New Tool Release: Bluesky Live

Bluesky Logo

Somewhat recently Bluesky added the ability to mark/set yourself as Live on Bluesky and link out from Bluesky to a given service. At the moment that is a short list of services, but includes Twitch and Stream.place among others.

If you were to set yourself as Live manually on Bluesky, you are maxed to 4 hours, so you would need to remember and come back to bump your time or manually remove the status if you ended before 4 hours.

Given Bluesky oAuth is a thing, and because App Passwords are not tooooo much fun with work with IMO, so I built a tool to implement Bluesky oAuth as an adventure in how Bluesky does oAuth (thats likely gonna be a separate post as it’s pretty interesting and in depth).

I’m still tweaking/optimising how my code runs as there are some caching layers that could be added to speed up operations, but I digress!

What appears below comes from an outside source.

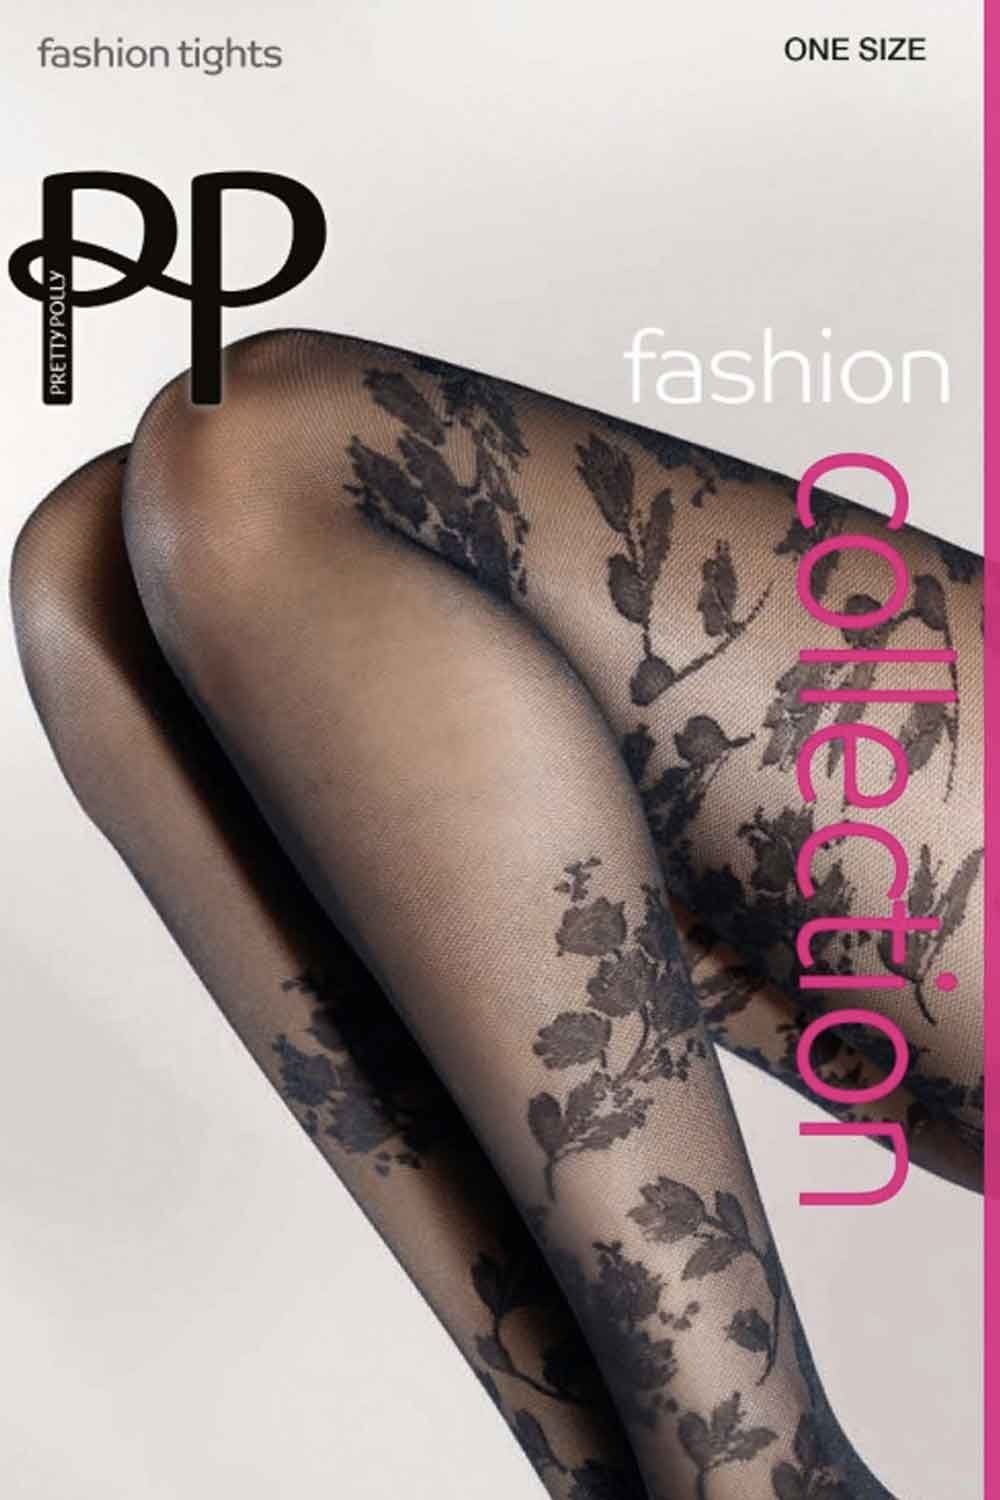 Женственные колготки с цветочным рисунком идеально создадут романтический стильный образ. Созданы по запатентованной технологии OEKO-Tex, что подтверждает их экологичное производство. Балуйте свои ножки! Плотность - 30 ден.

AND SO via the powers of Twitch oAuth and Twitch eventsub, pair the two services together to do Bluesky Live AUTOMATICALLY! (Anyone using Stream.place it’s native to the platform)

MAGIC!

The only drawback is that Bluesky oAuth is a smidge brittle, as outlined in this Issue on GitHub I authored, even when you have your Client configured as confidential. AND there are not a lot of scopes (basically two….), so oAuth has to be a little hungry at the moment.

Well what does it do?

First of all it handles the 4 hour max issue, by “bumping” the expiration time automatically whilst the Twitch channel is live. As well as:

When you go live on Twitch

  • Mark your Bluesky as live with a link to your Twitch
  • Applies your stream title as the title as Bluesky live entry
  • Applies your stream thumbnail to the Bluesky live entry

When you change your Title or Category

  • Applies your new stream title as the title as Bluesky live entry
  • Applies your new stream thumbnail to the Bluesky live entry

When you go offline on Twitch

  • Delete the live status

Periodically/every 15 minutes

  • Updates the thumbnail from Twitch to Bluesky
  • Updates the title from Twitch to Bluesky
  • Rebump the expire timer
  • Sanity check and remove the status

But wait, there’s more

Yes there is MORE!

Kylo Ren yelling MORE on loop
MORE!

Since this tool pairs your Twitch account with a Bluesky Account, when the job runs to maintain Bluesky live status, it can see if you are live elsewhere (manually set or auto set by another service), if that elsewhere is not Twitch then I won’t overwrite or attempt to manage it.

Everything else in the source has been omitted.